Bernardo Tagon, an account manager for the county's retirement system, told the commissioners during a budget workshop that Van Zandt County's employees contribute 7% of payroll by state statute and that the county currently contributes a match that is equivalent to $1.75 for each dollar in an employee's account. He said the employer's required contribution rate for 2026 was about 7.40% and that the system projects a 7.34% required rate for 2027.
Tagon presented two illustrative changes the court could consider: increasing the county match to 200% future-only or to 225% future-only. "If it's a 200% match feature only, it would increase to 8.56% — a difference of 122 basis points," he said. He explained "future only" means the higher match would apply to deposits made beginning in the chosen effective year and would not retroactively increase what the county already matched.
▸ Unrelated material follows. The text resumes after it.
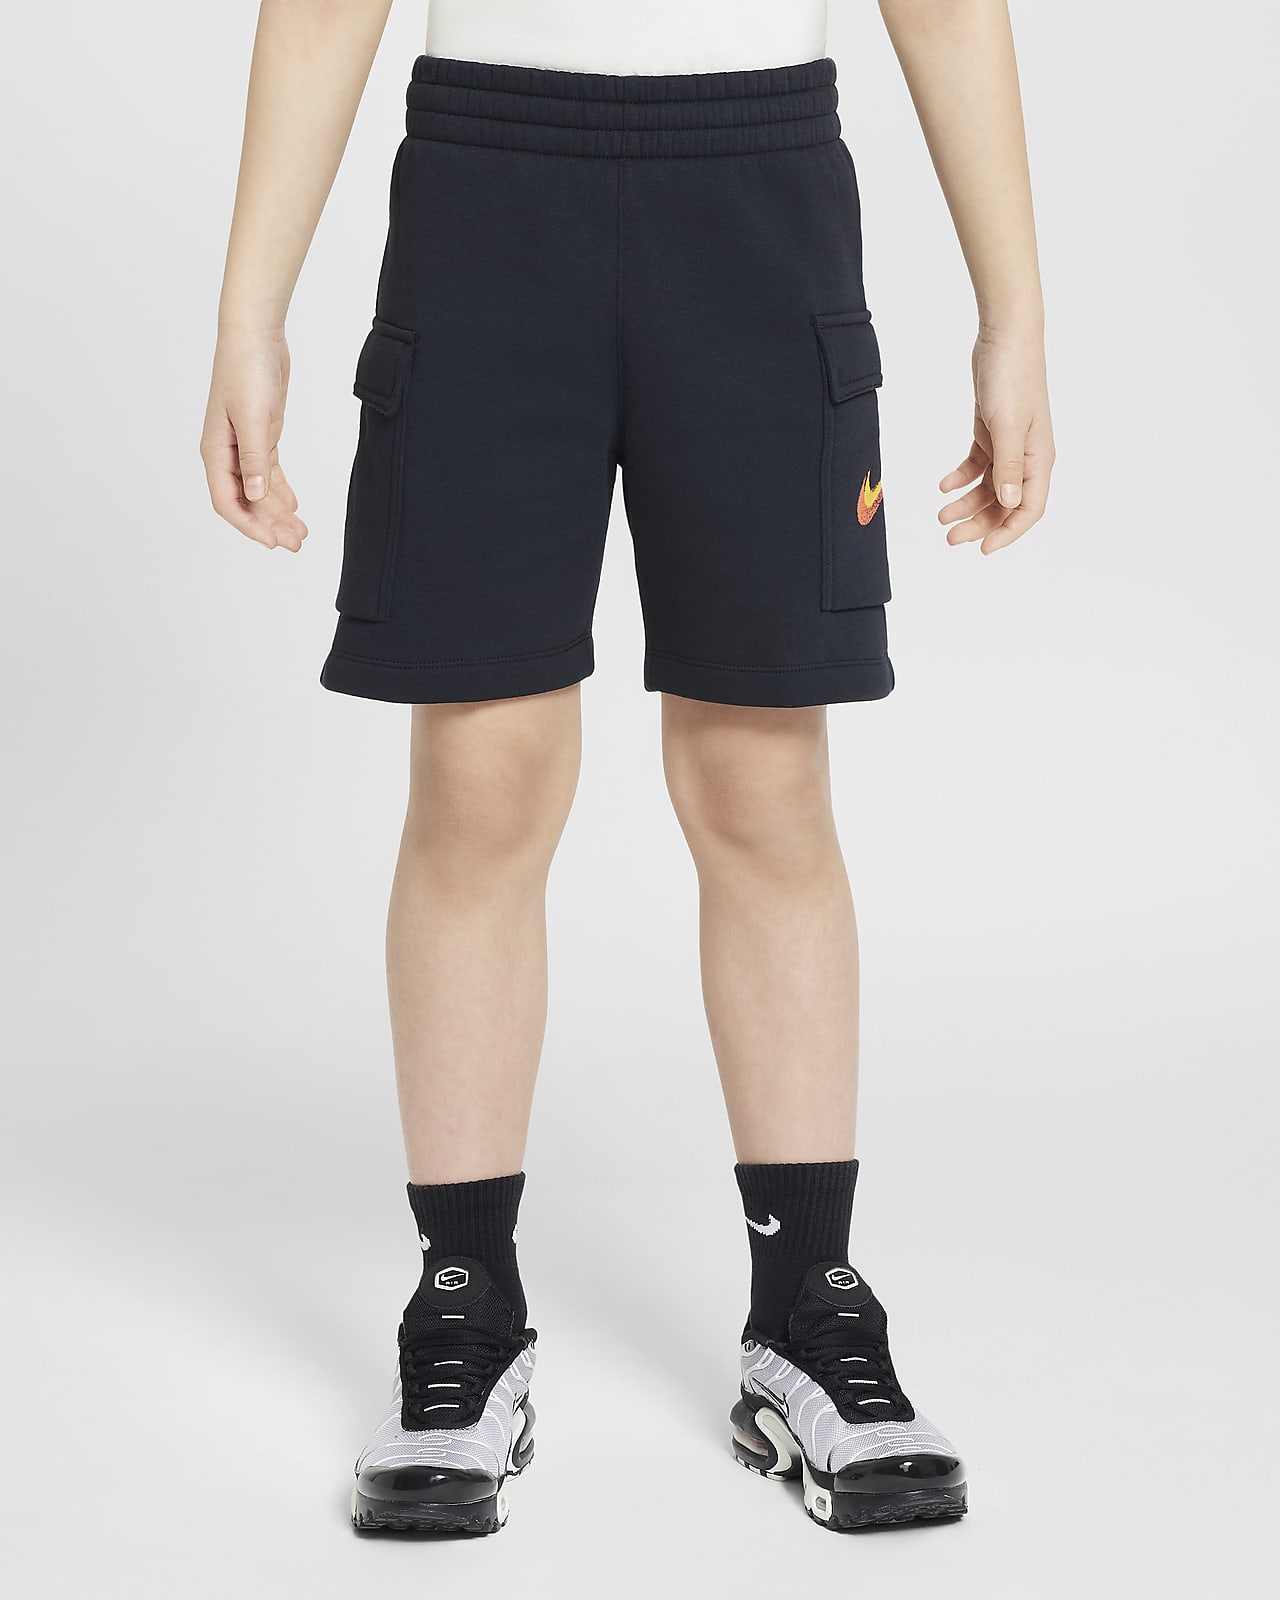 Calções de lã cardada Nike Sportswear Standard Issue Júnior (Rapaz)

Commissioners asked how those basis points translate to dollars. Tagon used the county's projected payroll (a little north of $13 million) and said the 122-basis-point increase is roughly 1% of payroll; commissioners and staff estimated that would be on the order of $130,000–$145,000 annually for Van Zandt County. He offered to run the county's payroll worksheet and a custom plan comparison to produce exact dollar figures for the commissioners' budget workshops.
Tagon emphasized that independent actuaries produce the annual required rate using the plan's demographics — hires, terminations and withdrawals — and that the system is designed to "glide" toward full funding if the required rate is paid. He also reviewed vesting and portability rules: employees vest after eight years, survivor benefits have election points after four years, and service time transfers but account balances remain with the original employer.
The presenter offered to circulate neighbor-county comparisons of match levels and funding outcomes; commissioners asked for those reports to inform whether Van Zandt should pursue a phased increase (for example, smaller annual steps) or keep its current 175% match level.
The workshop did not include any formal motion or vote on changing the match; commissioners asked staff to obtain dollar-specific worksheets and comparable-county reports before a decision.